# Nordicon 2010 *pics*



## superduty455 (Jun 21, 2000)

This was my first time at this event. I've always heard great things about it and was really looking forward to it. I was more excited to see and meet the people I read about in this hobby.
Going to this show has cemented the fact that I am in a great hobby with great people. People I have never met that only know me from being on here or other sites introducing themselves to me. WOW! Meeting and talking throughout the show was really the highlight for me. What great people and great show.
While I brought some junk to display I would have never thought I would have placed with a bronze for my Ferrari 599 GTB:








I would have never thought! I was so pumped. 
I met so many guys I can't remember them all but give them a full hear-ted Thank You for making me feel at home and critiquing me professionally.

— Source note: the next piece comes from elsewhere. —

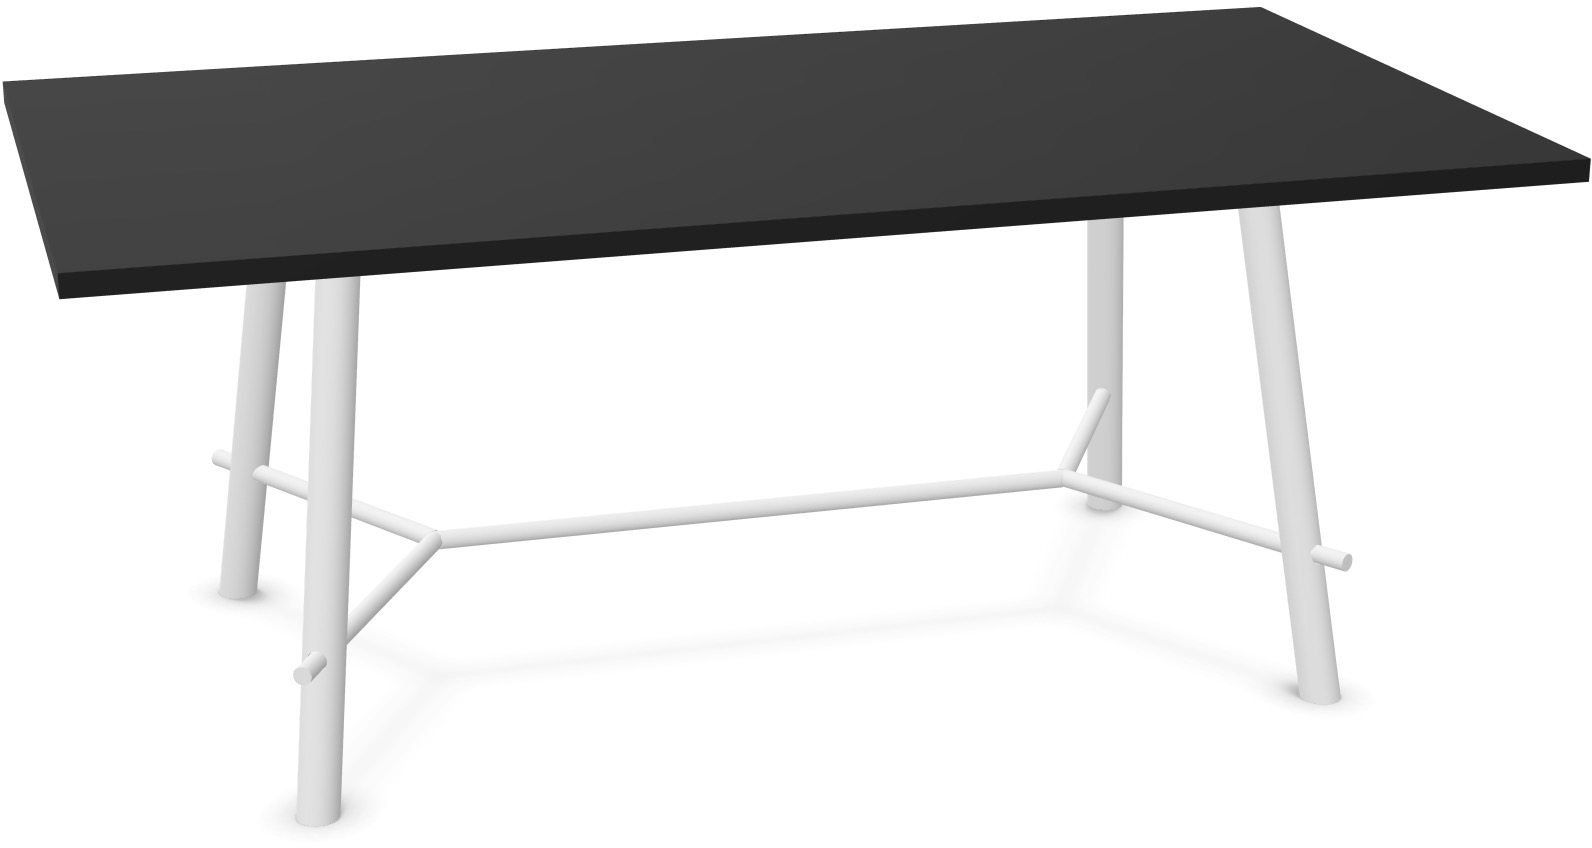 Record Living Maxi Tisch in Schwarz / Eiche weiss präsentiert im Onlineshop von KAQTU Design AG. Esstisch ist von Infiniti Design

I will become a better builder because of that.
Here are a few pictures for you, and keep in mind this is an IPMS style show so there is a little bit of everything all over my album.
Sounds like they had a record turnout as well. 













































I also have to add that Matt Usher from Fine Scale Modeler took pictures of my 599. COOL!

All 357 pictures can be found at MY FOTKI NORDICON
Chris


----------



## Rolls (Jan 1, 2010)

I could lose a day with all those great photos on your Fotki. Thanks for sharing!


----------